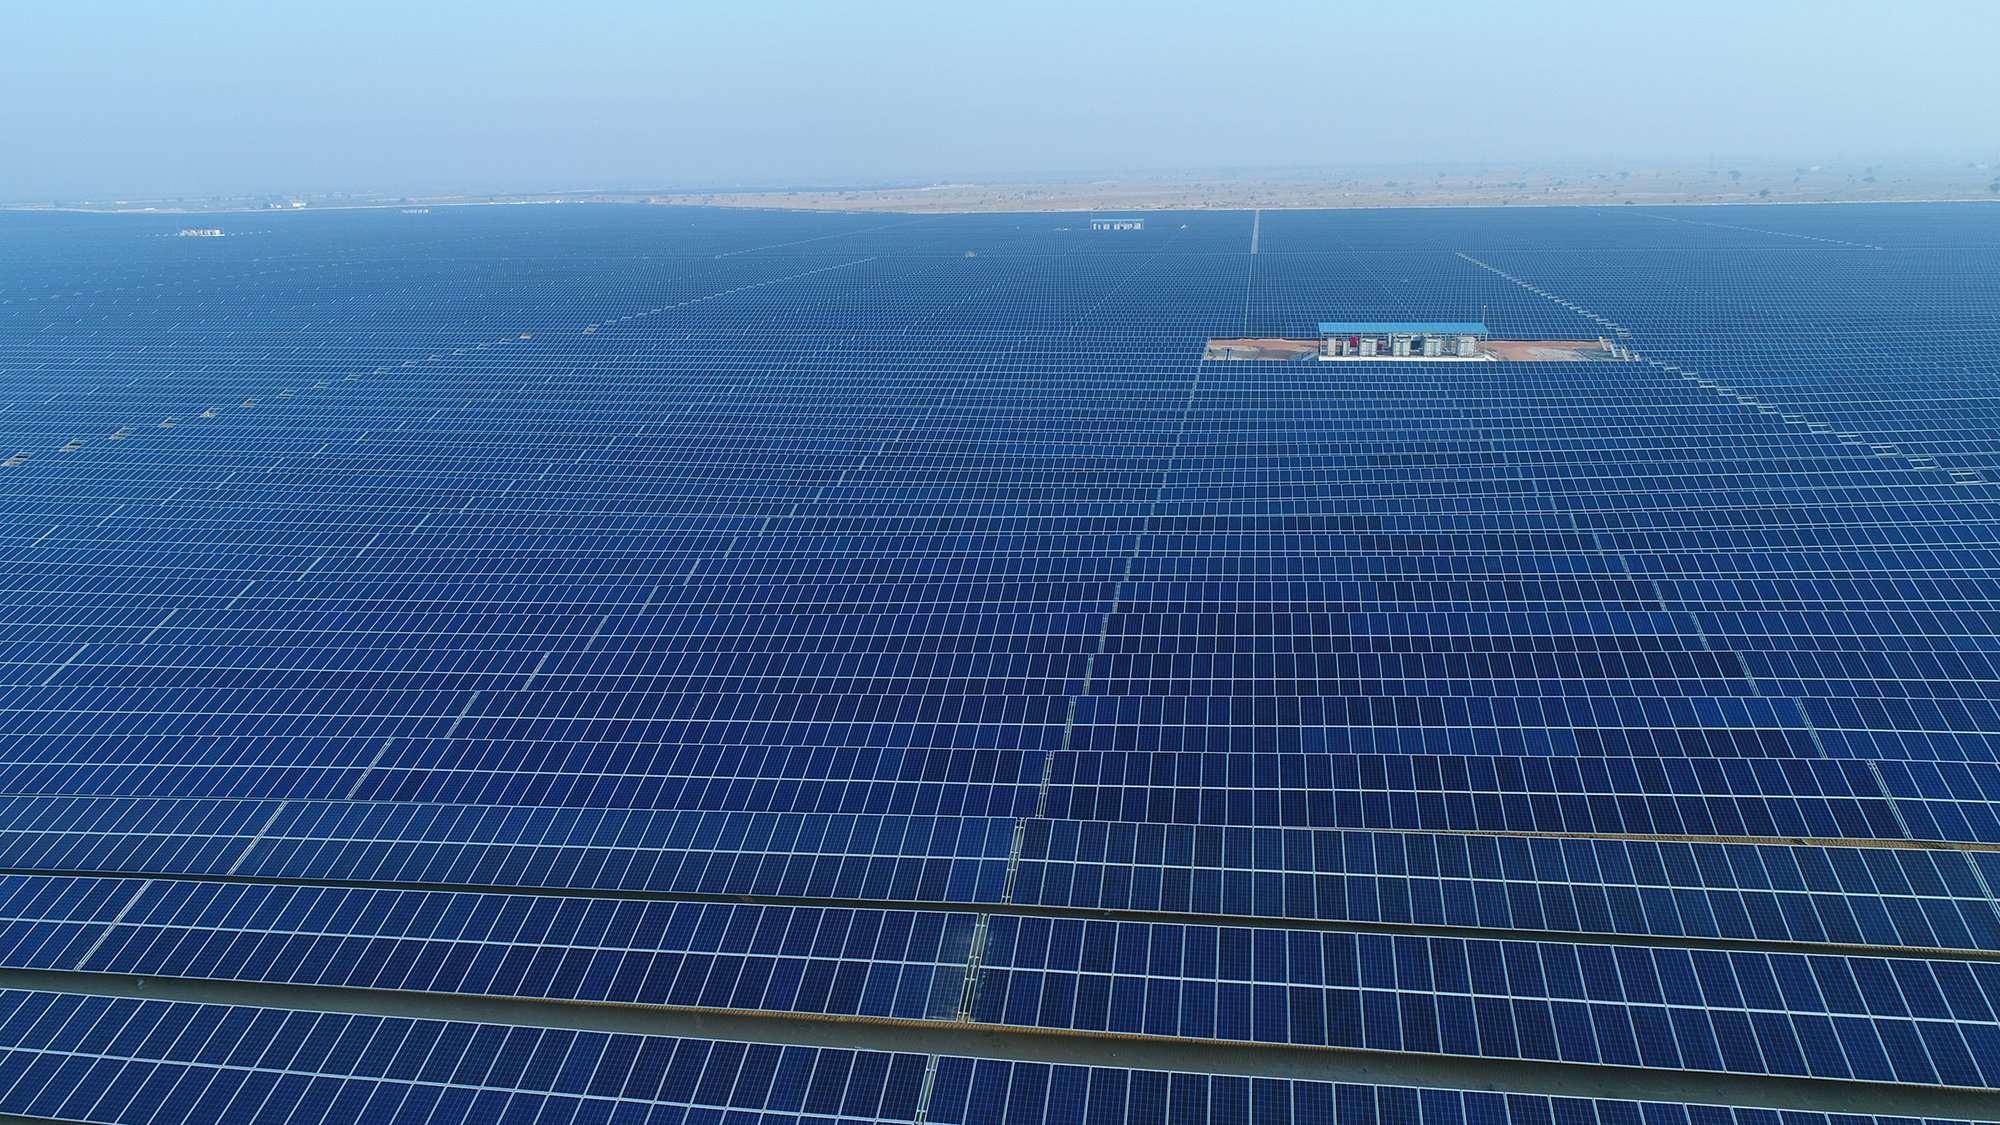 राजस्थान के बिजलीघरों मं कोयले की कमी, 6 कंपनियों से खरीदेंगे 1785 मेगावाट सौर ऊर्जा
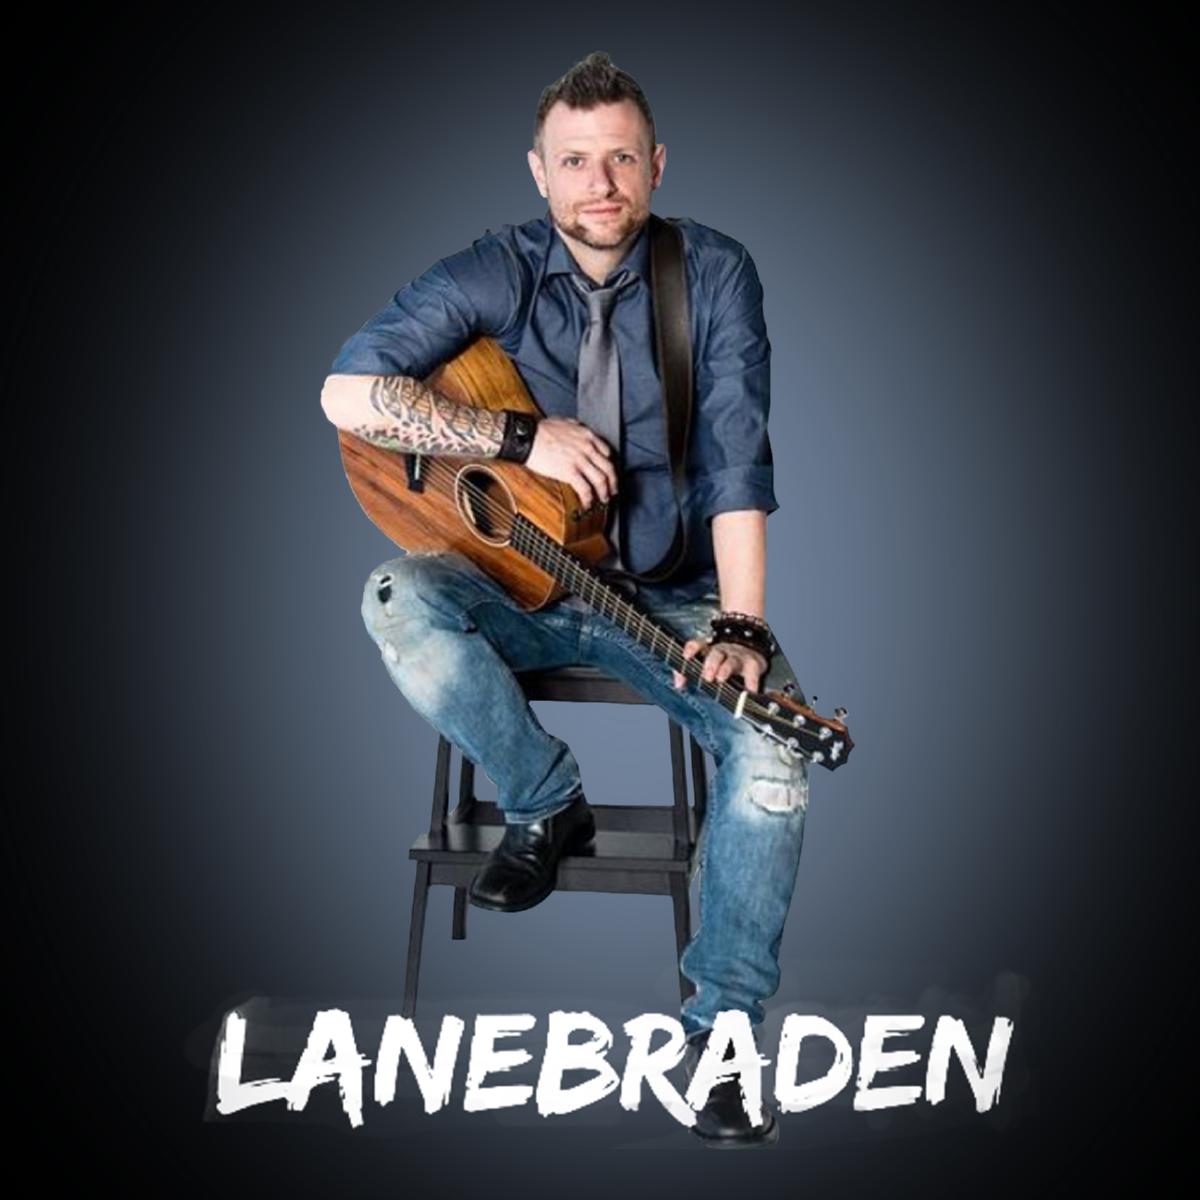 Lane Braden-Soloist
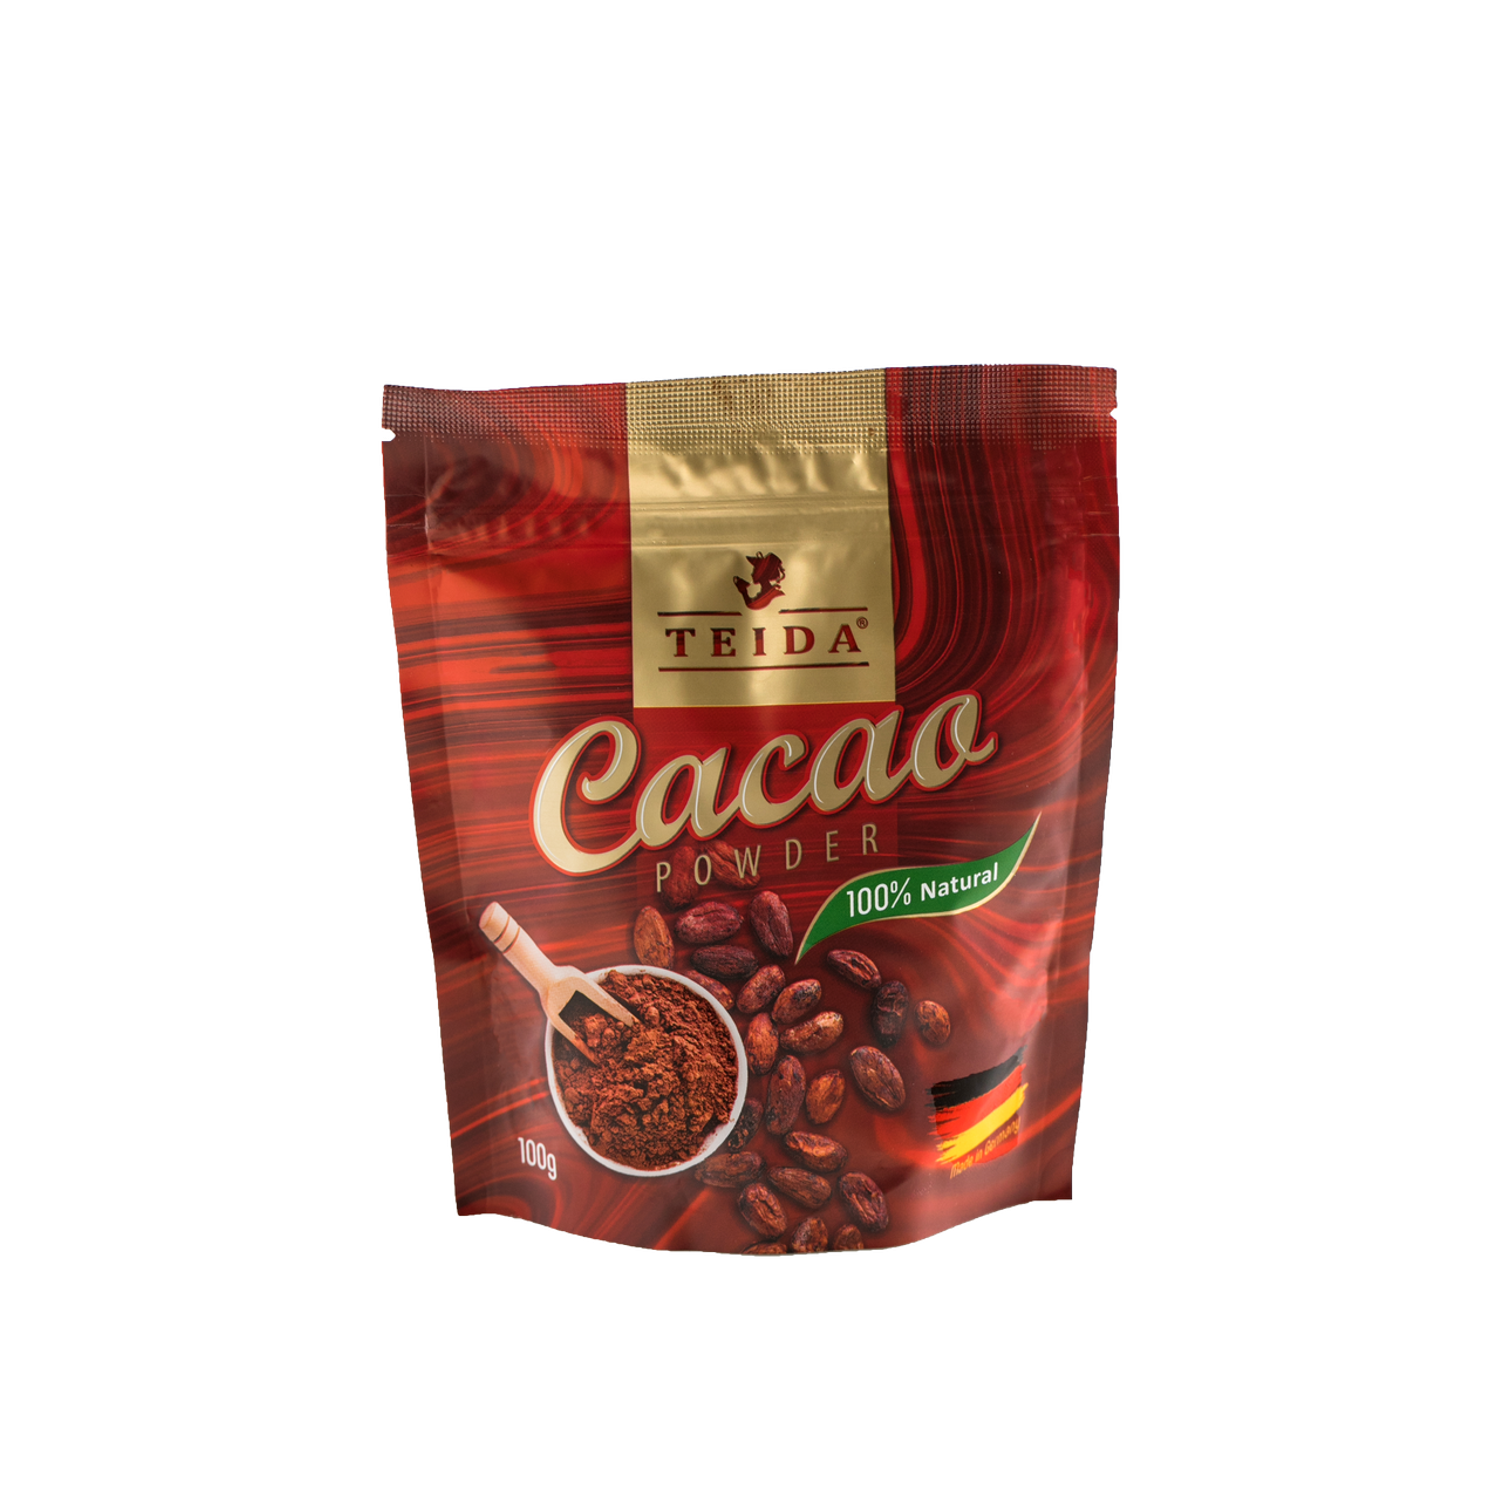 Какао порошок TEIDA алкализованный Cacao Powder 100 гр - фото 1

* * *

» WORK TASK: The whole listing above is to be repeated exactly, apart from its pictures.

» ANSWER TO THIS TASK:
 राजस्थान के बिजलीघरों मं कोयले की कमी, 6 कंपनियों से खरीदेंगे 1785 मेगावाट सौर ऊर्जा
 Lane Braden-Soloist
 Какао порошок TEIDA алкализованный Cacao Powder 100 гр - фото 1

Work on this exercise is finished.